**What the exercise asks**
Do not include the pictures; repeat the rest of the data exactly.

** Opening Recorded information block **

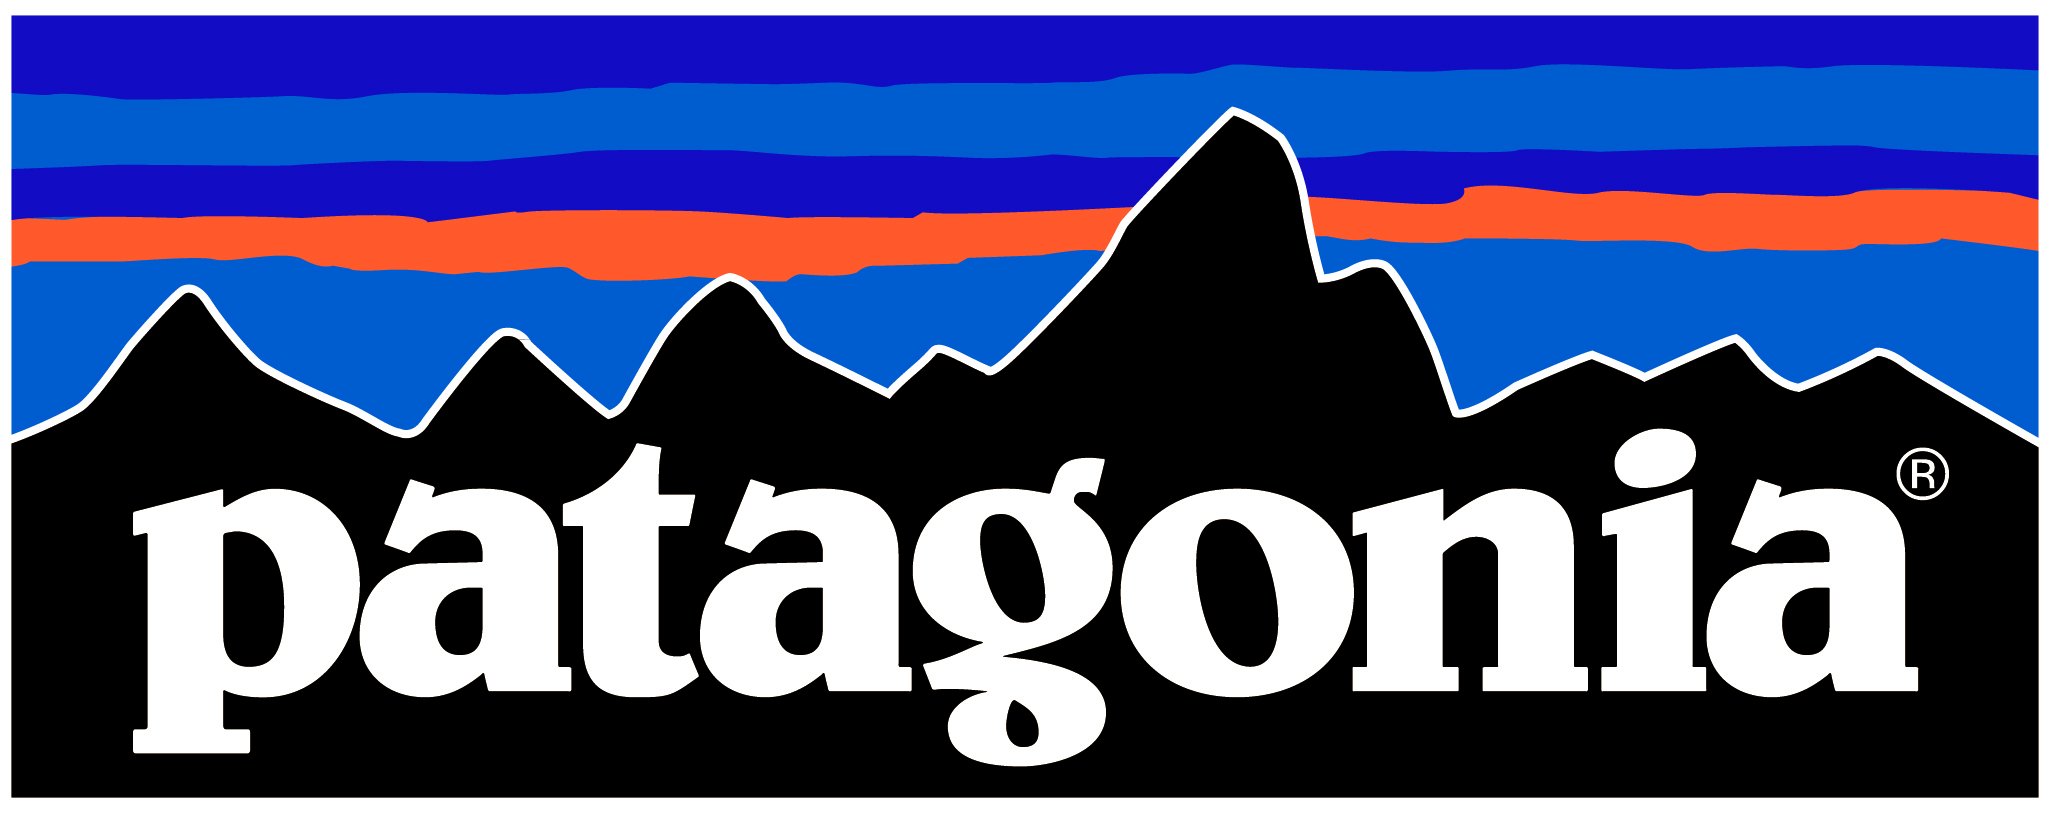 Patagonia - Chattanooga, TN
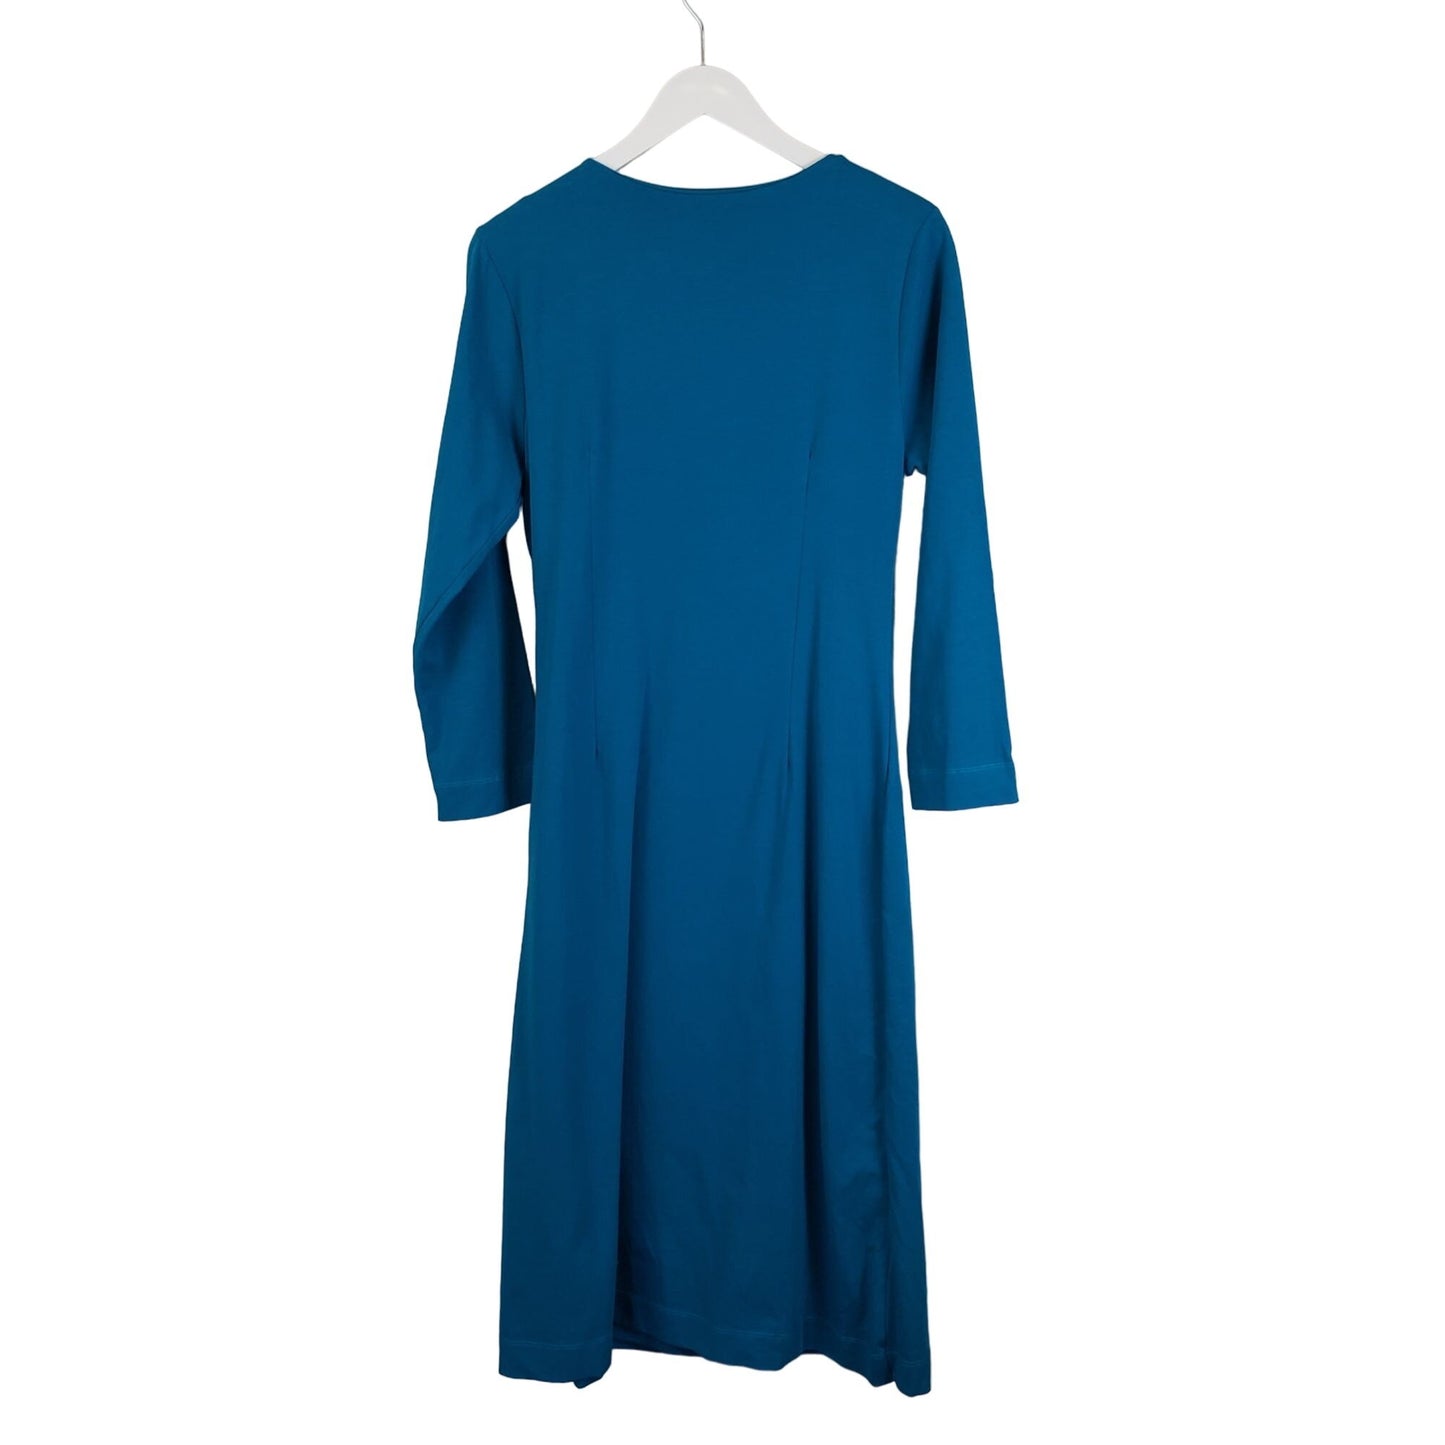 Soft Surroundings Wear Anywhere Lake Blue Faux Wrap Dress Size S Tall
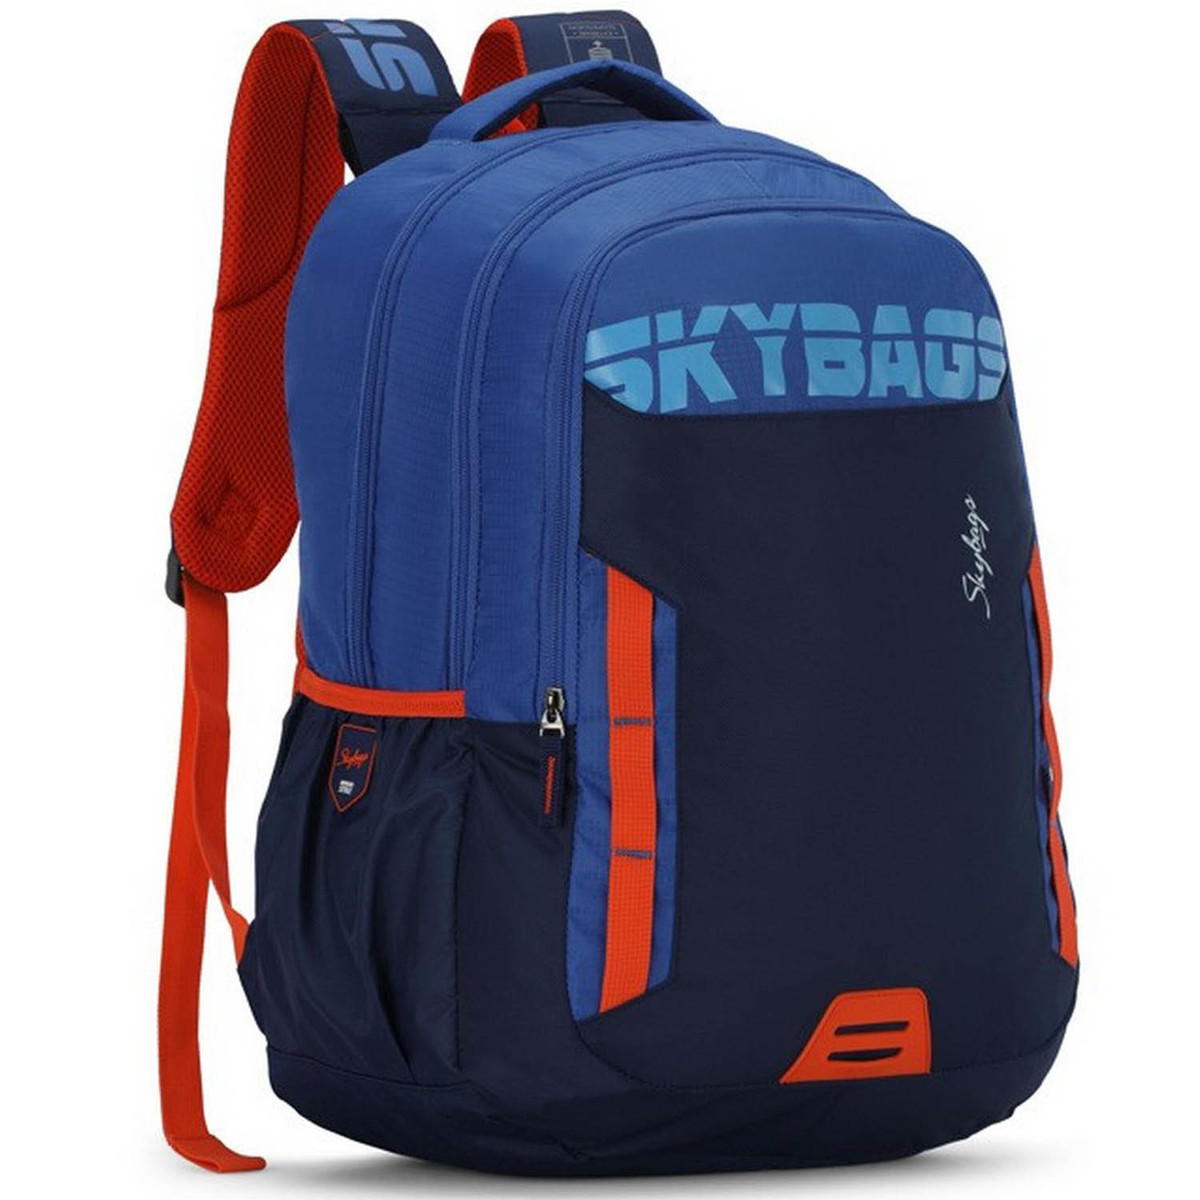 SkyBags School Back Pack Figo Extra SKBPFIGE2 Blue 19inch | School Back ...

** Closing Recorded information block **

**Solution to this problem**
 Patagonia - Chattanooga, TN
 Soft Surroundings Wear Anywhere Lake Blue Faux Wrap Dress Size S Tall
 SkyBags School Back Pack Figo Extra SKBPFIGE2 Blue 19inch | School Back ...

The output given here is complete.